Rozdział 5

1.9K 89 9
                                    

Nancy odwiedziła mnie w piątek, sobotę i niedzielę. Robiłyśmy to samo co w środę czyli oglądaliśmy film i robiłyśmy rosół. Jedynie w sobotę zrobiłam większe zakupy bo nie miałam już potrzebnych rzeczy na bulion. Nie chciałam go jeść ale dalej go robiłam jak głupia.
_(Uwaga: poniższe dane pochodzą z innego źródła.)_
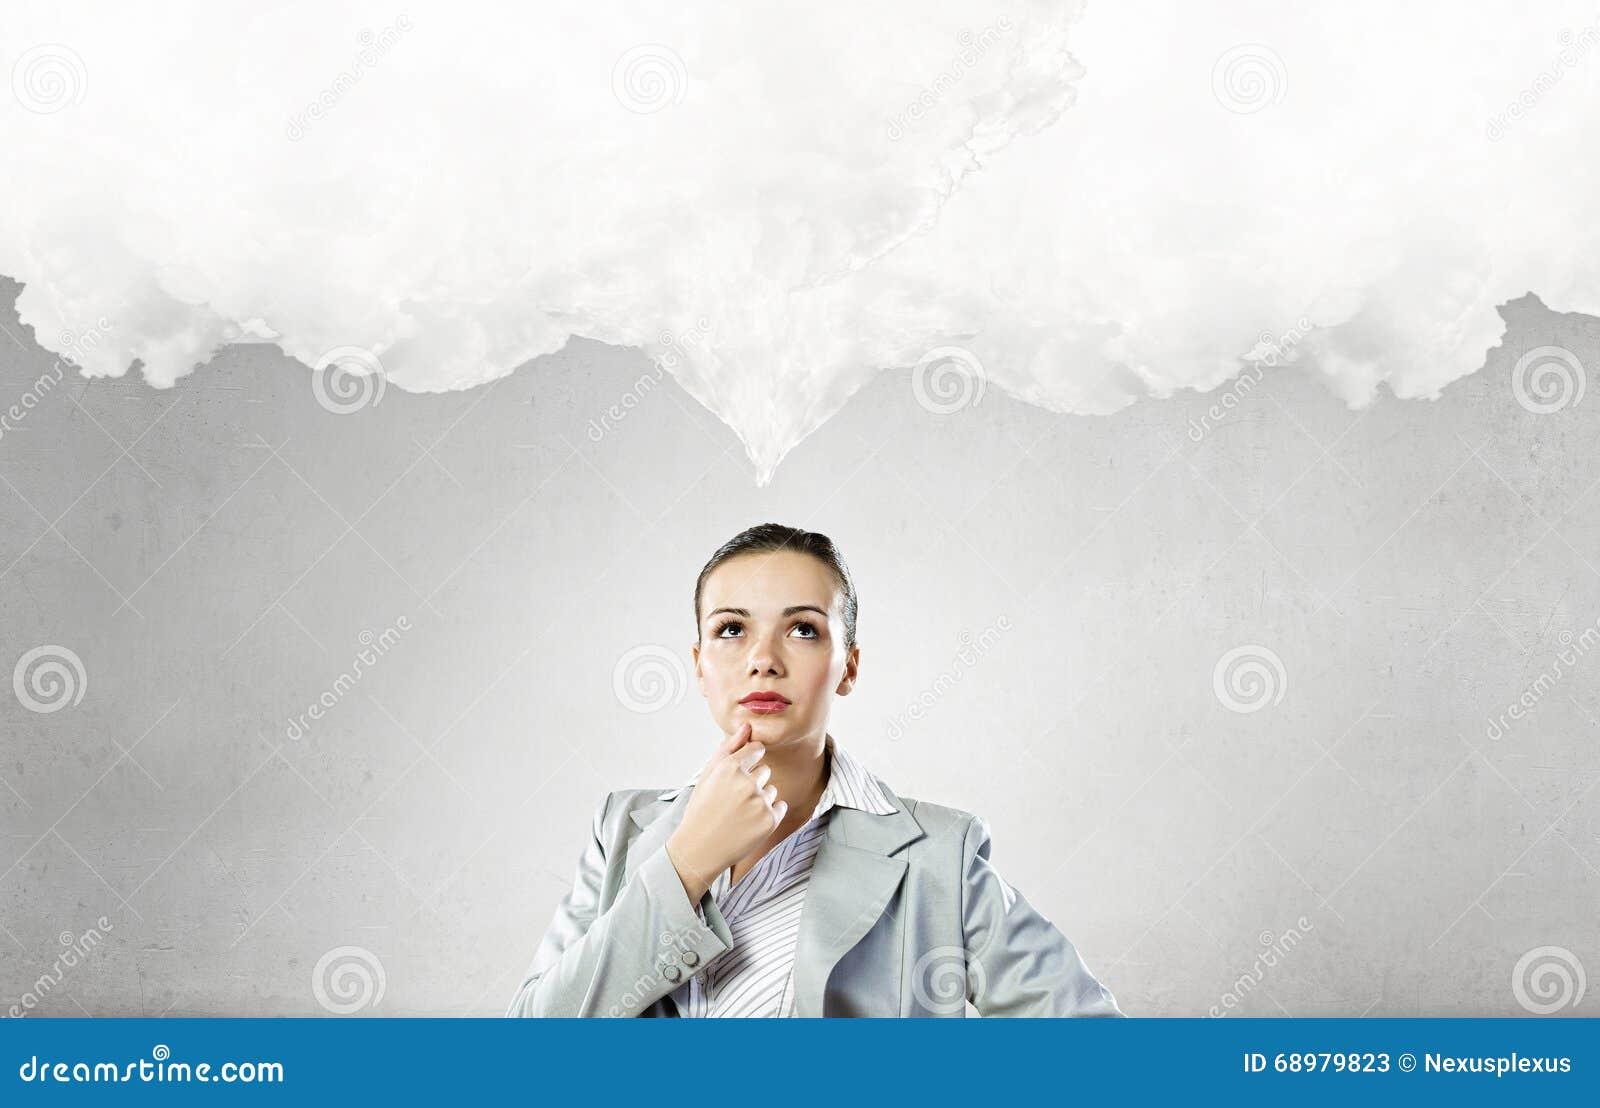 Σκεπτική γυναίκα και οι σκέψεις της

Na dodatek moja mama napisała mi w sobotę, że niewiadomo kiedy wraca, czyli szykuje się wydawanie moich pieniędzy na jedzenie.
Ale wracając w ten weekend moje uczucia do Nancy urosły, ponieważ wystarczyło tylko, że o niej pomyślę to już mam motylki w brzuchu.
W poniedziałek rano pakowałam śniadanie aż nagle ktoś zadzwonił do drzwi. Byłam zaskoczona bo nikogo nie zapraszałam. Poszłam je otworzyć.
-Hejka Daisy- powiedziała Nancy uśmiechając się do mnie życzliwie.
-H-hejka- poczułam mrowienie w brzuchu- Umawiałyśmy się?
-Nie, dlatego to jest niespodzianka.
-No to ci się udała niespodzianka- zaśmiałam się.
-Mogę wejść?- zapytała.
-Oczywiście.
Nancy weszła do przedpokoju a ja wróciłam do kuchni spakować śniadanie.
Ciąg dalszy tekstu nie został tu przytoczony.